The political model for Greenberg and Levin’s Indivisible Guide, the online precursor to their book, is revealing. The writers look back with envy on how the tea party movement stalled the Obama agenda and decide that what the left needs now is “some sort of guide to replicating the Tea Party” — not its extremism or hypocrisy, they assure, but its advocacy prowess and organizational skills. (To imagine you can adopt ruthless tactics yet stop short of pursuing them to your own political endgame is to have great confidence in your self-control.) Similarly, in “The Democracy Fix,” Caroline Fredrickson, former president of the American Constitution Society, offers a plan for the defense and renewal of democracy, but one that solely serves progressive visions of government. “We’ve been screwed for too long,” she laments. “It’s time to grab the pen and write our own rules.” Rewriting the rules of democracy to benefit our side, whatever that side may be, does not sound quite like a democratic fix.
There is a sense of certitude permeating the resistance literature. “We will join together to become this nation’s unshakable moral compass,” writes Linda Sarsour, who co-chaired the Women’s March, in her 2020 book, “We Are Not Here to Be Bystanders: A Memoir of Love and Resistance.” She is describing a coalition of marginalized communities massing to resist the Trump agenda. It is an inspiring vision. But just because Trump’s moral compass is broken does not mean yours unerringly points north. The resistance authors call for conversations but limit the speakers; they claim moral leadership but to uncertain ends; they worry endlessly about Trump’s America but betray contempt for Trump’s Americans.
Throughout Trump’s campaign and presidency, some conservative commentators and thinkers imagined that he would change, that the gravity of the office would mold him into something other than what he was.

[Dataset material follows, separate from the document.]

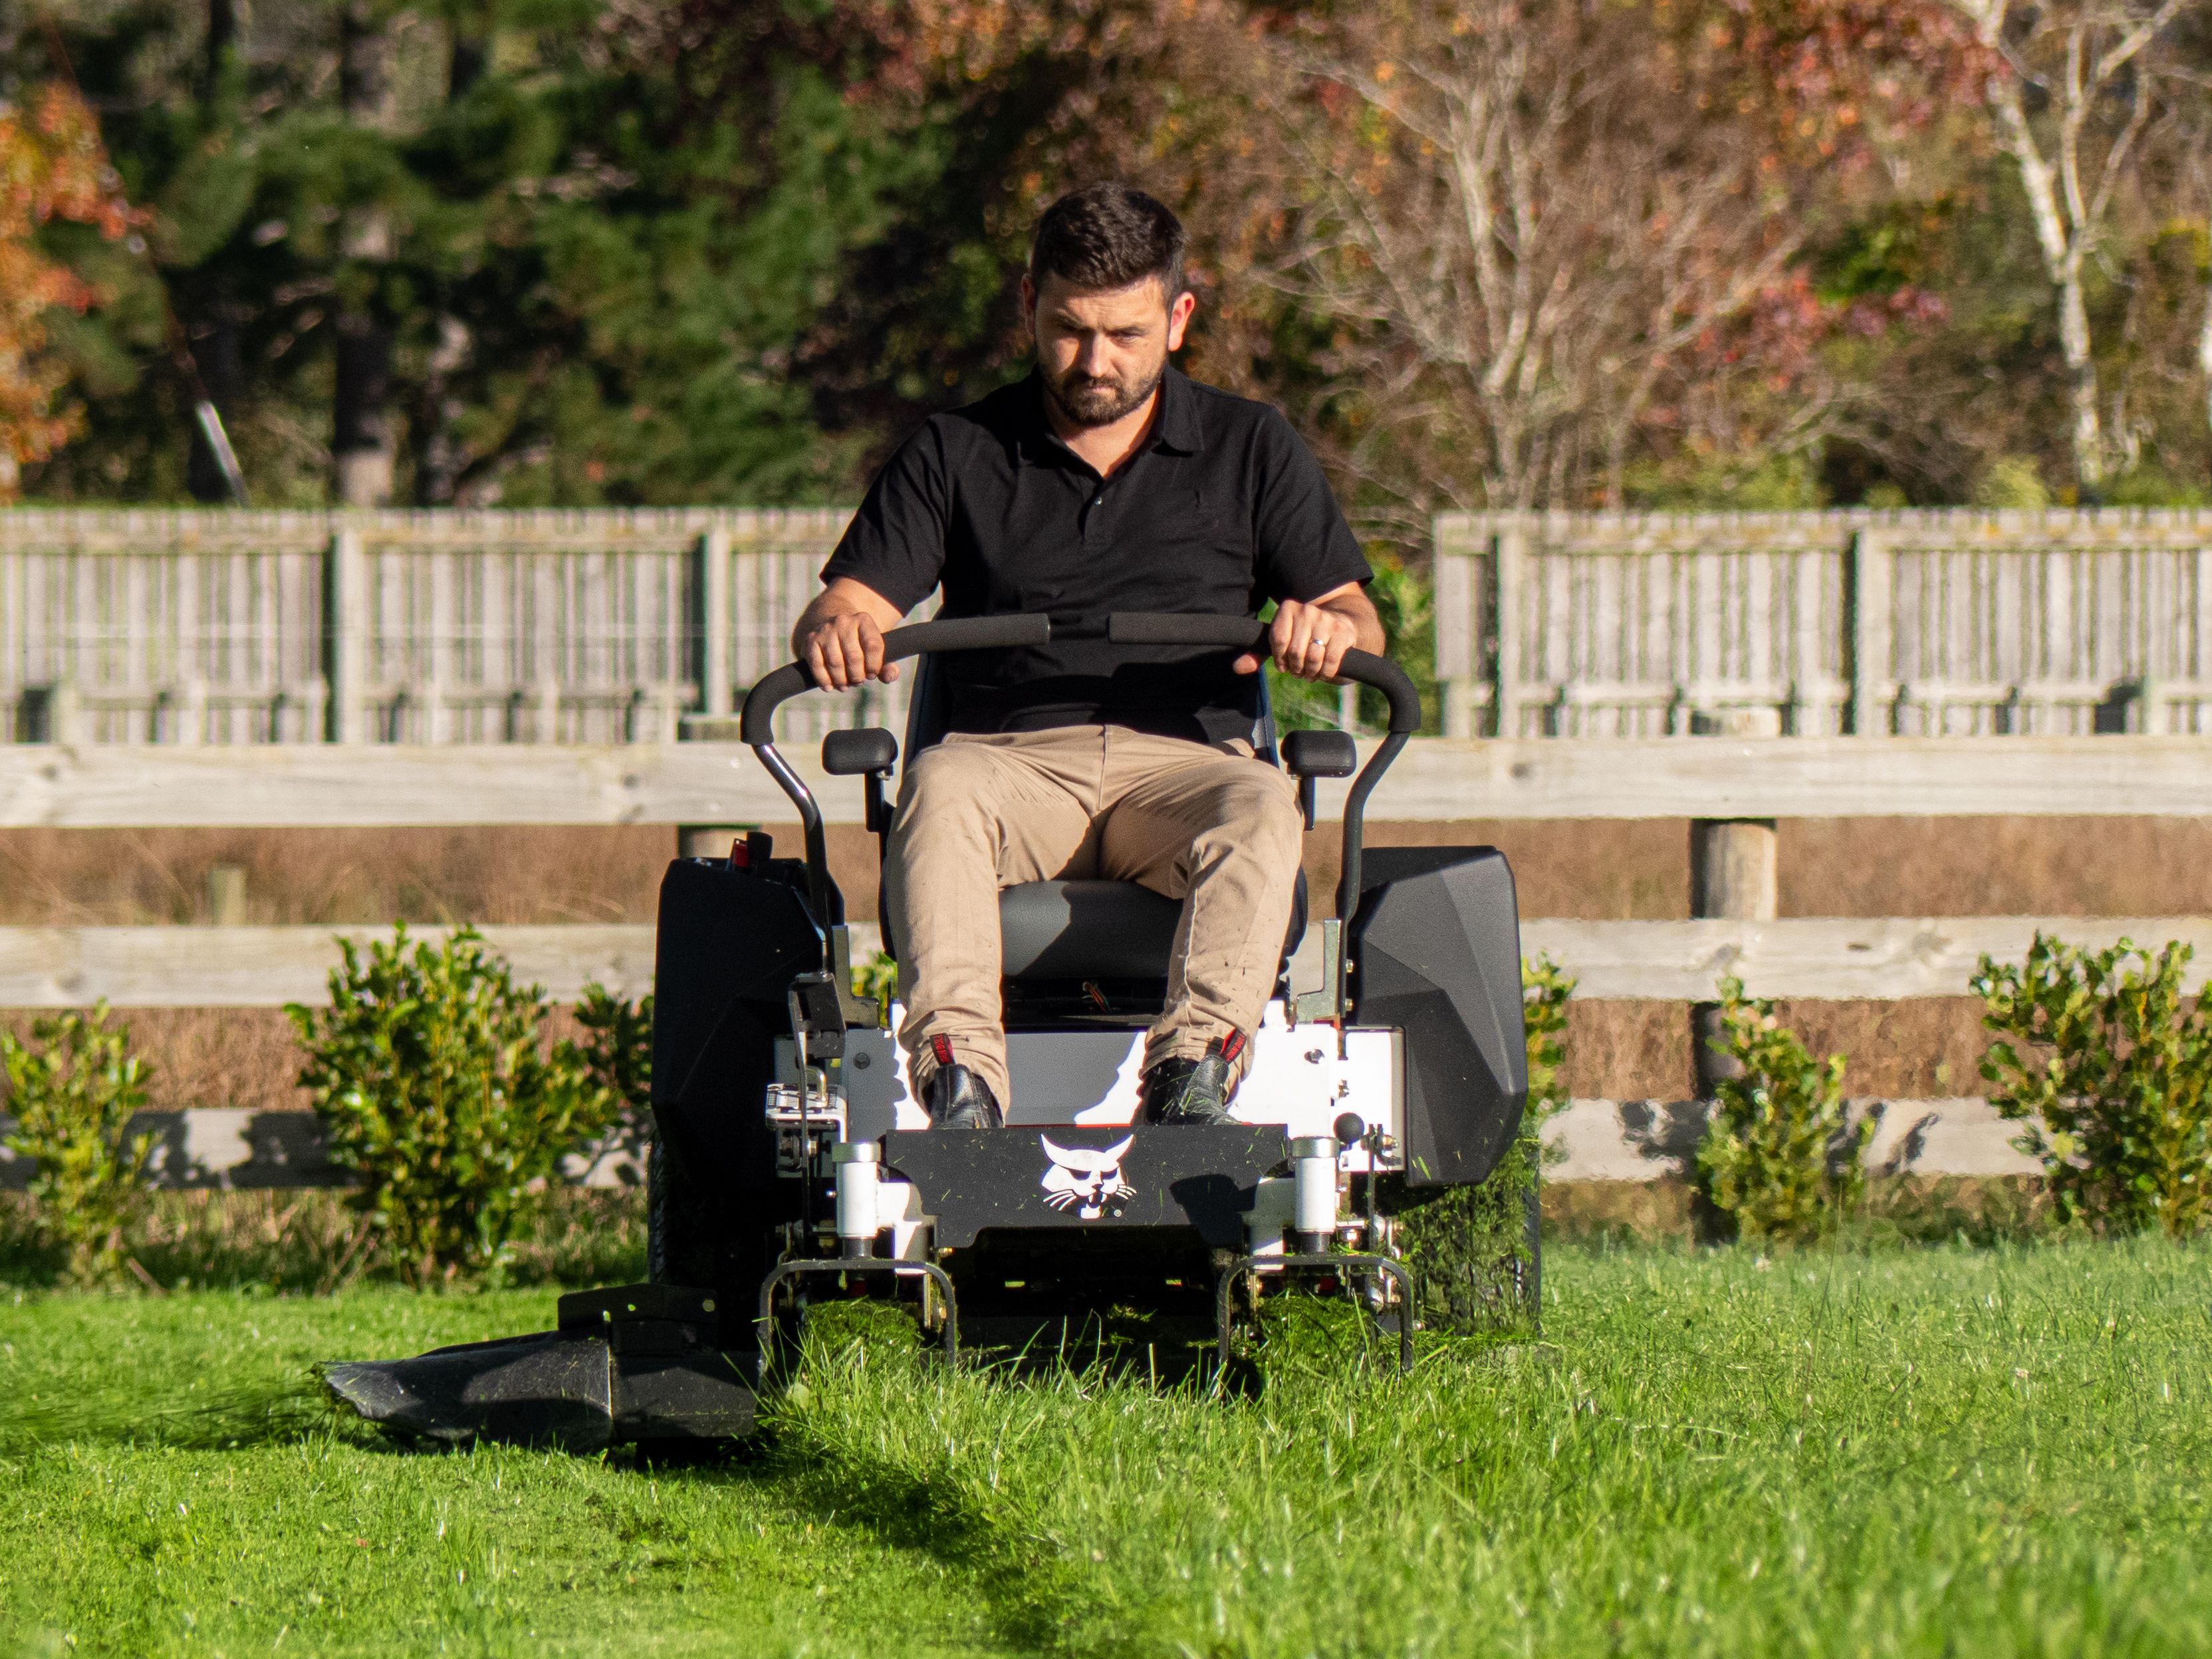 Riding Lawn Mower Vs Push Lawn Mower: Which Is Right For Your Home?

But there was no pivot — except among conservatives themselves, who, as reflected in their books, have split into three camps in the Trump era.
First are the sycophants, who through a lack of options or shame have embraced the new order and relentlessly justified it. They ignore the president’s most sordid tendencies or, worse yet, revel in them. Newt Gingrich has written four obsequious books on his new political patron, praising his lack of preparation and indifference to the details of governing. In the sycophants’ eyes, ignorance is smart and laziness is savvy. In “The Fourth Way,” published early in the Trump presidency, conservative radio host (and Washington Post contributing op-ed columnist) Hugh Hewitt imagines Trump governing “inclusively, energetically, joyously,” and ushering in a “booming, generous, open-handed Republic of Virtue.” Such devotion has found a safe space on Capitol Hill as well.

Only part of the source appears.